--- Task goal ---
Copy out exactly the lines from the start of the data to the line containing "Maison Kitsuné Casual". Include both.

[Records from a data source]
+ + +

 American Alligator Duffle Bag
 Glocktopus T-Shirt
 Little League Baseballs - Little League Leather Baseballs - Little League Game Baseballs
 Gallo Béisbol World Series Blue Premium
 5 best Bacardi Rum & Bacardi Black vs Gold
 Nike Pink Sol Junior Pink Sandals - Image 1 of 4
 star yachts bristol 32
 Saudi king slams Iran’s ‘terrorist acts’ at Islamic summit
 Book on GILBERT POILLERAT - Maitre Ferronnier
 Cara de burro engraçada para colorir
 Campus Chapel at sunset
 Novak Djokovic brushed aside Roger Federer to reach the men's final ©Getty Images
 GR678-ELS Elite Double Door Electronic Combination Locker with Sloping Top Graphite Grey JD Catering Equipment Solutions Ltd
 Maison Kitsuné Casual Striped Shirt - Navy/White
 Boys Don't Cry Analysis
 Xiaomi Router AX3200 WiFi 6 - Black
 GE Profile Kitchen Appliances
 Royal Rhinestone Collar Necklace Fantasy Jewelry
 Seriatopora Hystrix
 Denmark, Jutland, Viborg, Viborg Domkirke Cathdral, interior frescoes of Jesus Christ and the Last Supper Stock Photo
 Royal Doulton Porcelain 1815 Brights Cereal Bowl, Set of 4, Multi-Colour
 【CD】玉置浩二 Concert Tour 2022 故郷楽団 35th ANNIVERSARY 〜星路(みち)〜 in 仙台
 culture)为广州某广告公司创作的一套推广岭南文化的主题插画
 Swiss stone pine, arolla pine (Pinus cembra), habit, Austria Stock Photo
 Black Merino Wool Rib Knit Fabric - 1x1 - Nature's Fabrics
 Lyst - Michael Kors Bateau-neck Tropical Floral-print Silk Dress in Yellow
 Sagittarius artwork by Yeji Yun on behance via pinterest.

+ + +

--- Task output ---
 American Alligator Duffle Bag
 Glocktopus T-Shirt
 Little League Baseballs - Little League Leather Baseballs - Little League Game Baseballs
 Gallo Béisbol World Series Blue Premium
 5 best Bacardi Rum & Bacardi Black vs Gold
 Nike Pink Sol Junior Pink Sandals - Image 1 of 4
 star yachts bristol 32
 Saudi king slams Iran’s ‘terrorist acts’ at Islamic summit
 Book on GILBERT POILLERAT - Maitre Ferronnier
 Cara de burro engraçada para colorir
 Campus Chapel at sunset
 Novak Djokovic brushed aside Roger Federer to reach the men's final ©Getty Images
 GR678-ELS Elite Double Door Electronic Combination Locker with Sloping Top Graphite Grey JD Catering Equipment Solutions Ltd
 Maison Kitsuné Casual Striped Shirt - Navy/White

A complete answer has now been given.